Friday, August 05, 2005

TGIF: Powder Yer Donuts!

JAGERBOMBS ON THE TRESSMEISTER!!!!! Whoooo. Commin' at you live from the Bdubs e-cafe doing a little Friday afternoon speed dating. But, hey no fatties! Ha! Yeah right, who am I kidding? I've been known to do a little hogging from time to time.

Whatever you might hear about me and Big Sheila from Applebee's is a complete fucking lie and I will send out some of my Line-Dawgs to fuck their lying ass up like a car crash.

If I don't shit blood tomorrow then the evening was a waste.

I am gonna fucking party tonight. Football season's coming up and I am way stressed. The other day, the boss was givin me shit about my flip-flops. I won an NCAA championship! I can wear flip flops to work if I fucking feal like it. They're red and gray for Chrissakes. I'm really hungry right now, especially after Two-Js. I'll tell ya, bout five minutes ago, Less Wexner and I were eatin wings, and he's like wahhhh these wings are hot. I was like "Wex, you pussy, these wings are weak! They aren't even hot enough to make my sack sweat." Then I purple nurpled him and he cried little a girl.

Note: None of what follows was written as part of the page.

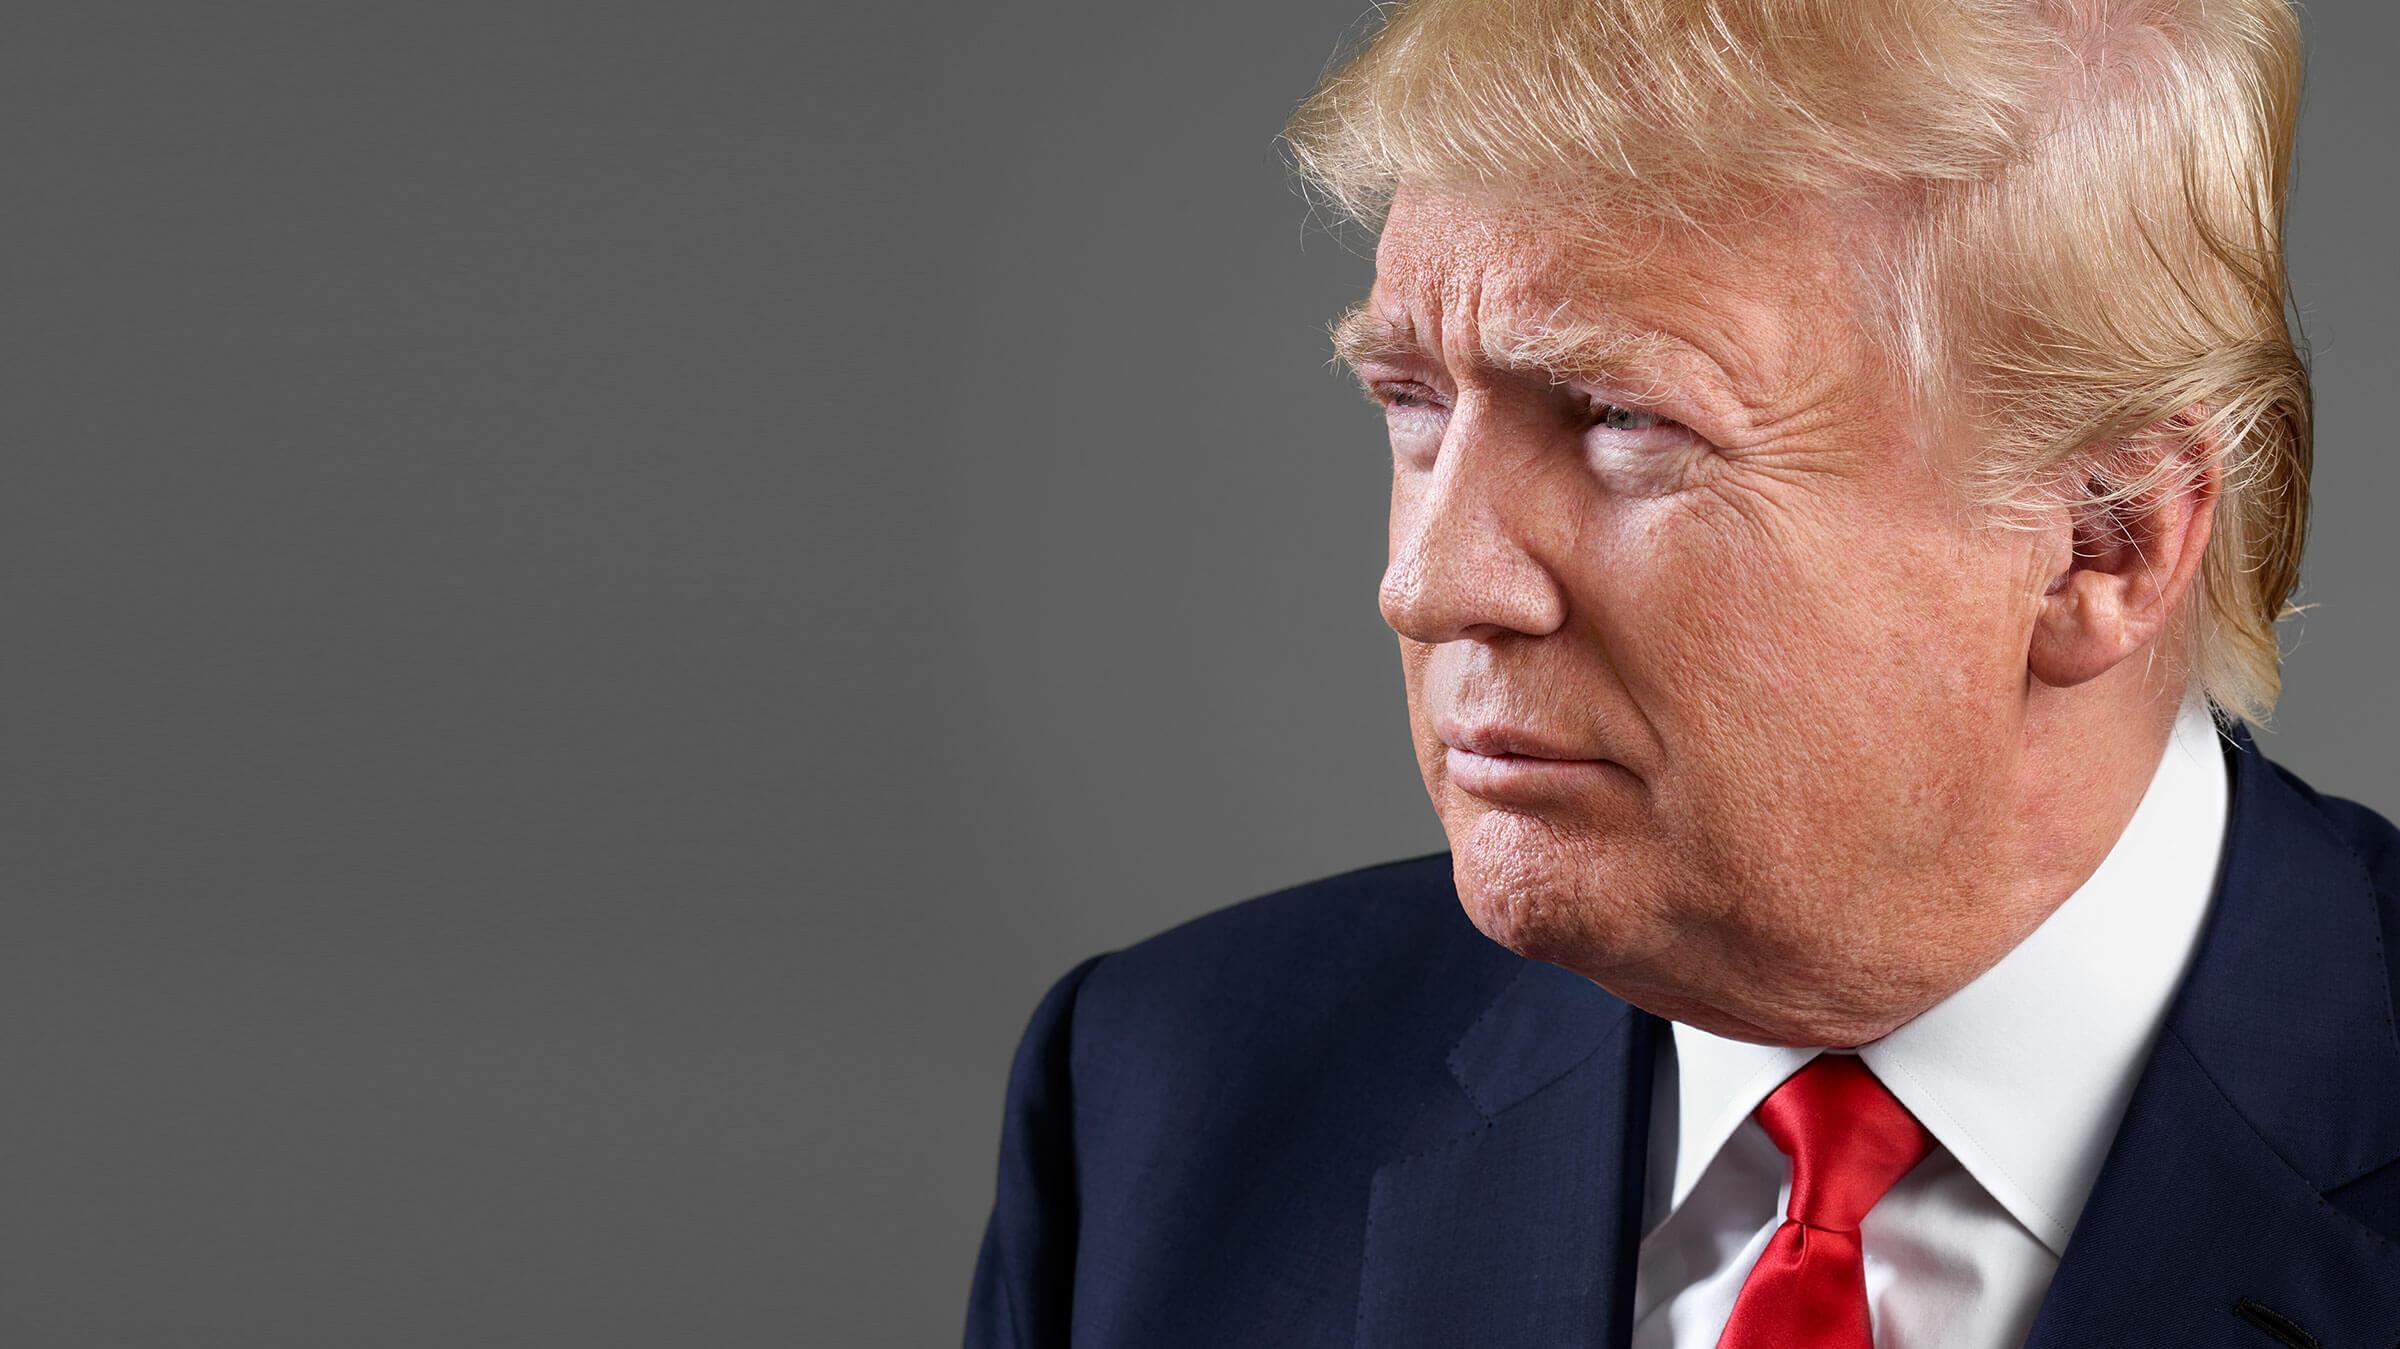 Donald Trump / time.com

Speaking of sacks, I went to the Fairfield County Fair last night. Have you ever seen a goat's balls when it's 80 degrees out. I mean hey, I'm over fifty, so my sack has a tendency to lowride, seriously, but those fuckers drag!!!

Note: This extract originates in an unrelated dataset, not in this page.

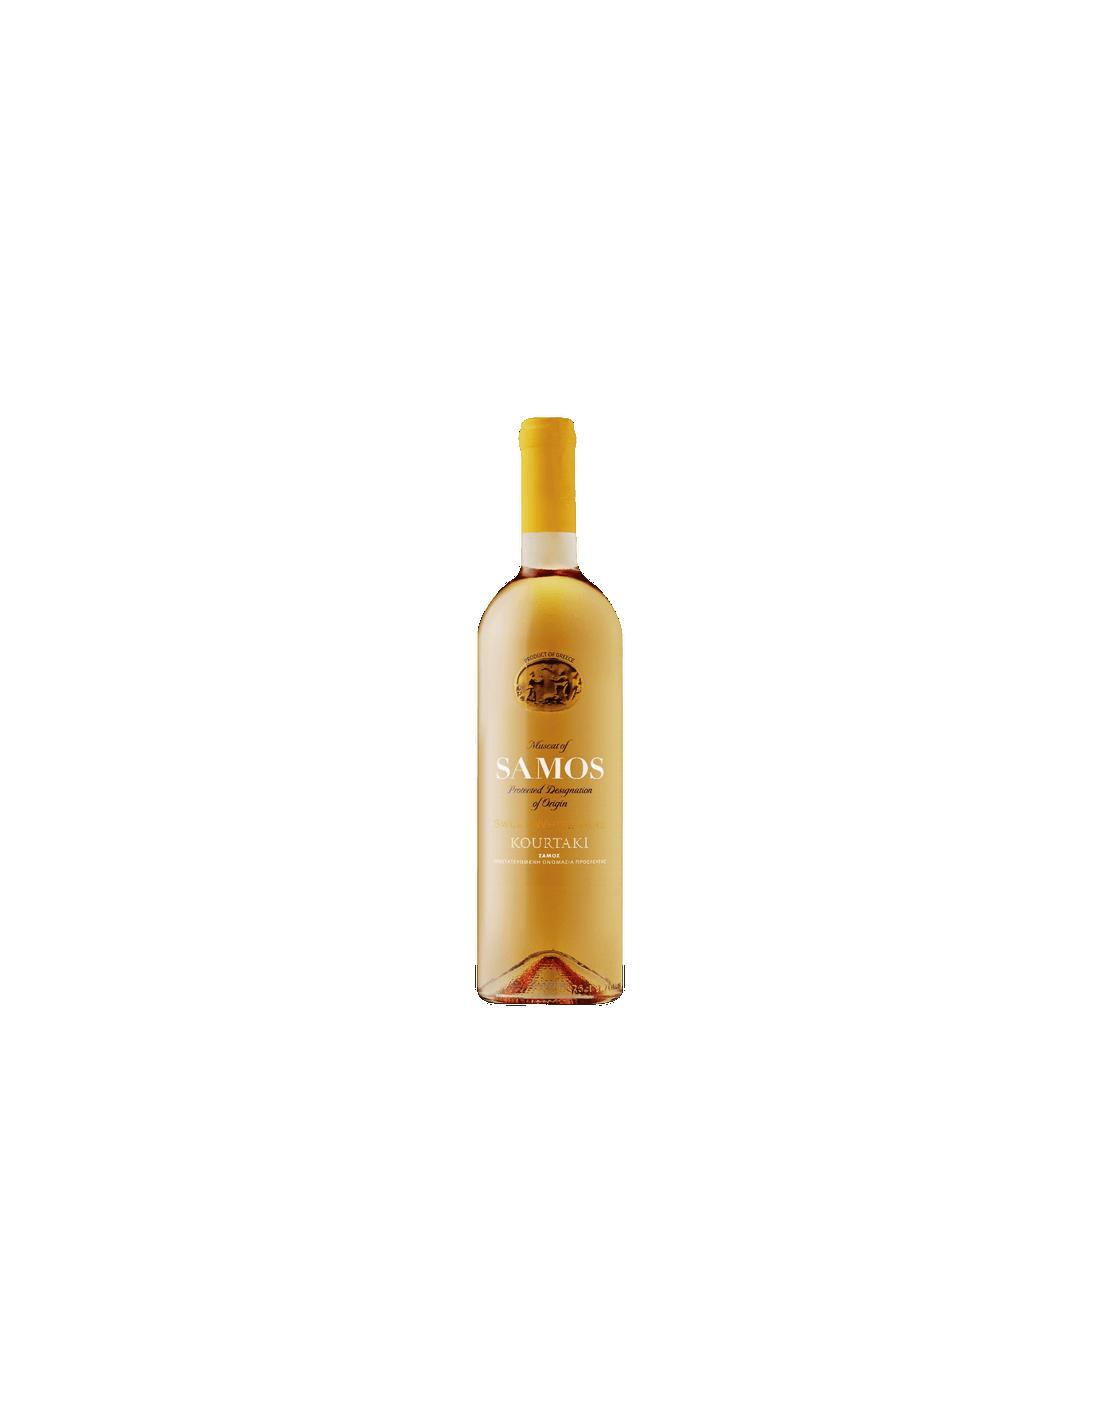 Vin alb dulce, Muscat, Kourtaki Samos, 0.75L, 15% alc., Grecia

Man in this heat, you gotta pack some Gold Bond, Coach Jimmy's rule number 1: POWDER YOUR DONUTS! Afterwards, you feel like sweet Jesus himself gave you a kiss smack dab on both your buckeyes! If that's not heaven, give me a one-way ticket to H-E-double hockey sticks any day, but hey, just let me pack my GBP.

I make the whole team powder em' and that's why we're perennial contenders. do you think I'd have made it to so many bowl games if I had to stop every ten seconds to scratch the old spooge wallet?

Look, I'm getting off on a rant, here. I just wasted 20 minutes of happy hour writing this fucker. Besides, there's these two broads givin us the eye from across the bar. One of em's kind of a porker, but I'd stuff the other one. I'll let Lessy Wex have 'er, he's part gay anyhow. Still I'm gonna be balls deep tonight, good thing they're dry.